Thanks! Those locations are mapped to a volume so that you can move your personal data (from Pi-hole) to a different system/container if you’d like.
Hi there. I followed your guide to the best of my knowledge but I’cant seem to access the pihole admin page. I always get a network timeout. My router (Fritzbox) does find the device, but I cannot connect at all.
In portainer the pi-hole container is running as healty.
I used this command in SSH $ sudo docker network create -d macvlan -o parent=eth0 –subnet=192.168.0.0/24 –gateway=192.168.0.1 –ip-range=192.168.0.199/32 ph_network
Any ideas? Any information you need for troubleshooting?
If the router finds it, then it’s most likely there. Are you using the correct port? This will generally be 80, but if you changed it to something different, you will have to use that.
No, I didn’t change any ports.I also tried deleting everything and going trough the setup again but still nothing. I did spot something interesting. The router only found the IP during or shortly after the initial setup. I tried restarting OMV and after that the IP shows as offline in the routers webadmin, but it is still running in portainer and showing as healthy.
I tried pinging my router via the terminal in Containers > Pi-Hole > Console and THIS works. But it does not work the other way around. Maybe some kind of security feature or setting I’m unaware of?
If the container isn’t getting an IP address, then there’s a problem at that point. Just for testing, can you try creating a container without the macvlan and see if you can access it? Map the port 80 to something different (8080 for example).
Just to make sure I don’t brick my OMV: You want me to try following your guide, skipping the first step with the mcvlan network and create the container just as in the guide, but change the manual network port publishing from host 80 > container 80 to host 8080 > container 80. Also, in the Advanced container settings under “Network” I leave “Network” as “bridge” and the “environment variable” “ServerIP” should now be the same as the one used for OMV , right?

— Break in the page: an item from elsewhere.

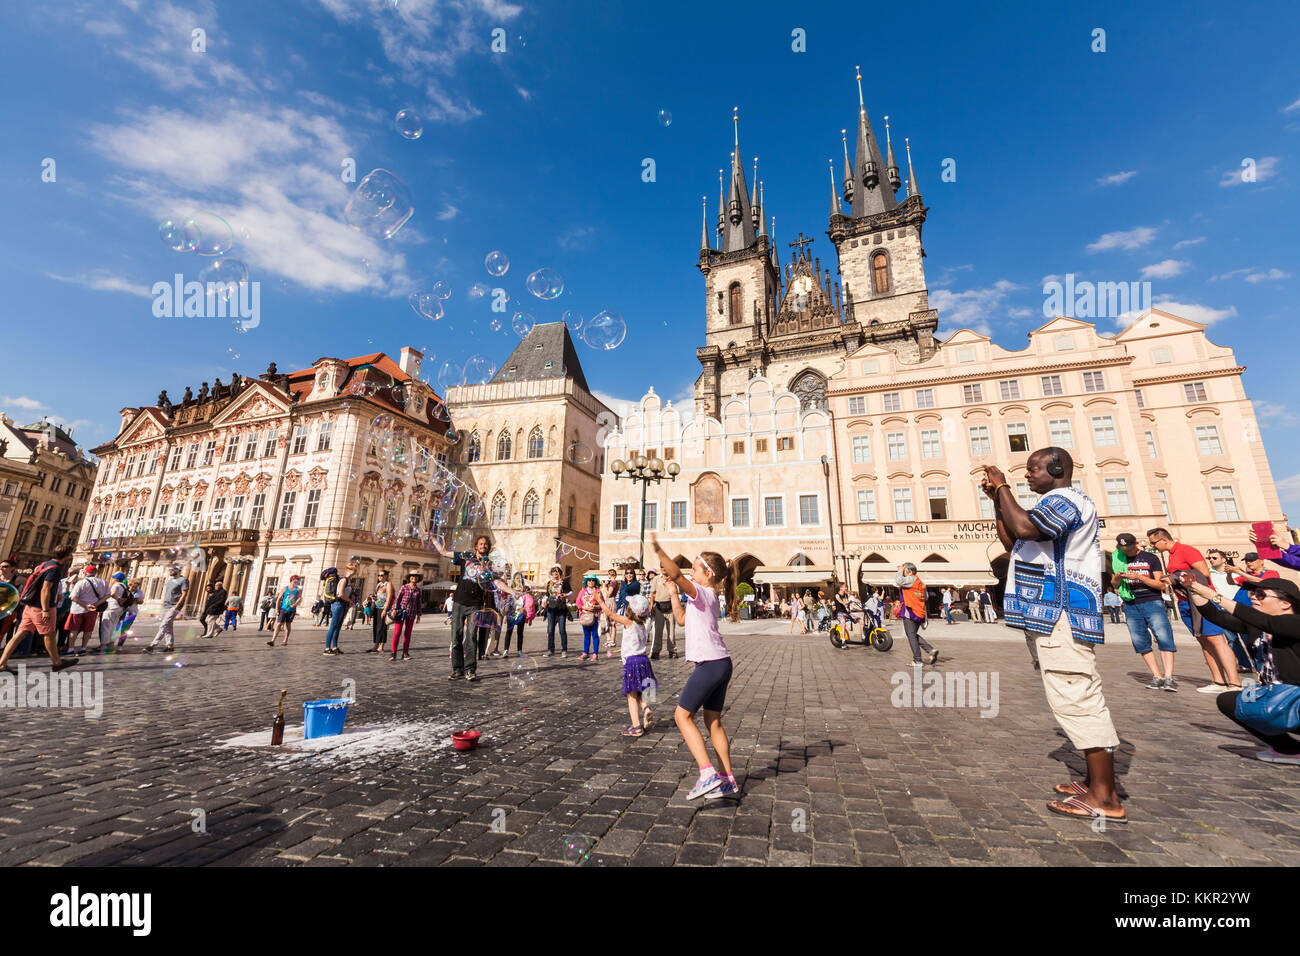 Czechia, Prague, old town, Old Town Square, Church of Our Lady in front of Týn, street artist, giant soap bubbles Stock Photo

That is correct, but I would suggest that you ensure you have proper backups if you plan on playing around. I don’t really think this will have any impact on OMV, but I always suggest having a rollback plan.

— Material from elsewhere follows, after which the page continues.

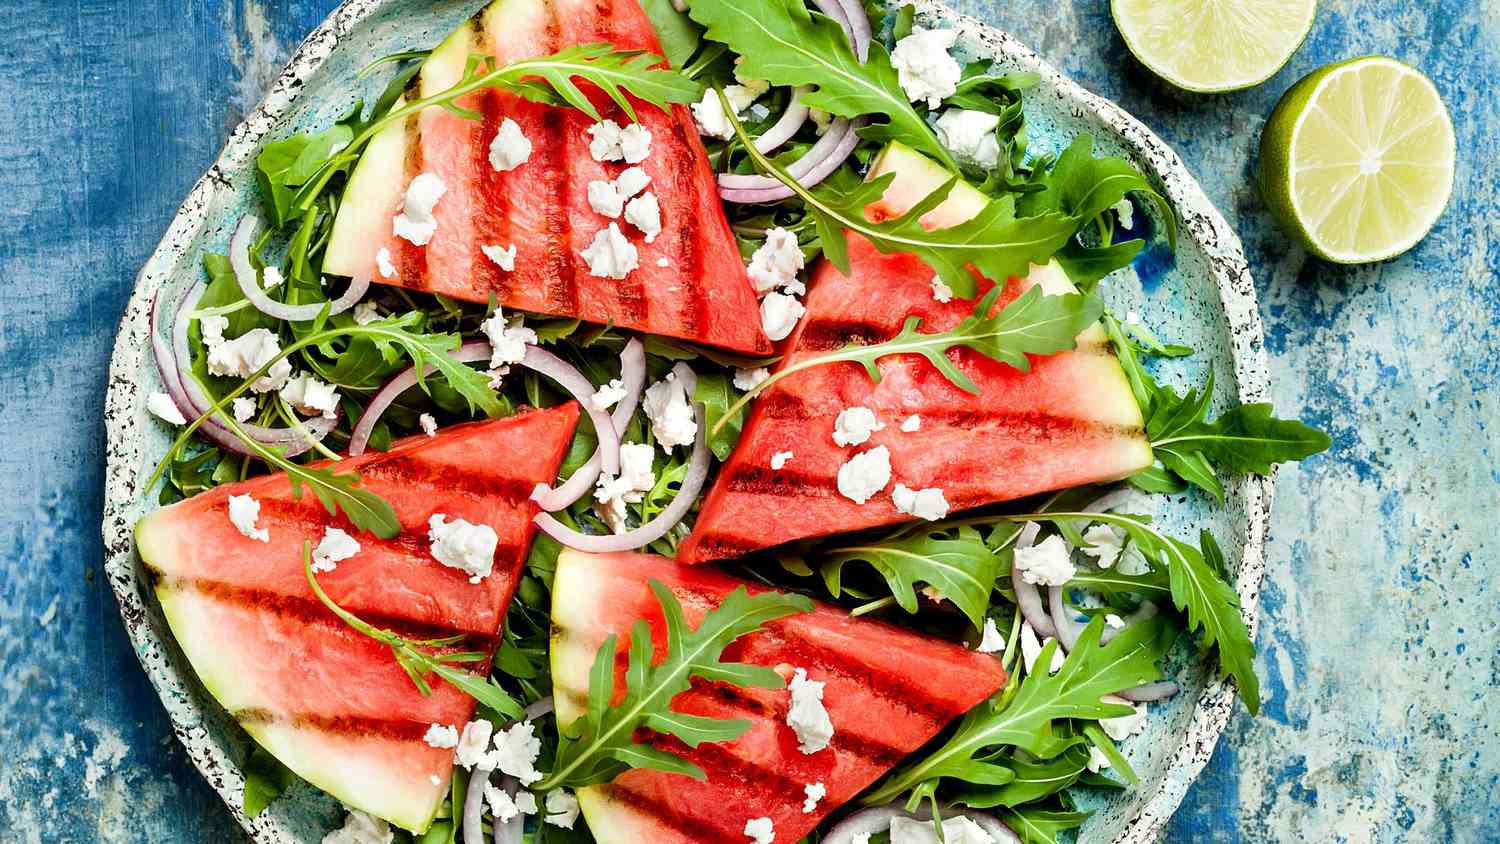 grilled food ideas: Fresh summer grilled watermelon salad with feta cheese, arugula, onions on blue background

Hey there, great guide. Really easy to follow.
Everything seems to work fine, portainer works, pi-Hole container shows healthy but I can’t connect to the web admin. Browser shows connection timeout. Any ideas?
Hi, great support, 1st run 1st success, try other tips found on the web, most simple, run in 1 shoot.
Just needed to rename the “hostname” but tips is given is the discussion.
I suppose when new pi-hole version will release jus need to type again pihole/pihole:latest in the “docker.io” and run “create”
That is correct! Glad that it helped!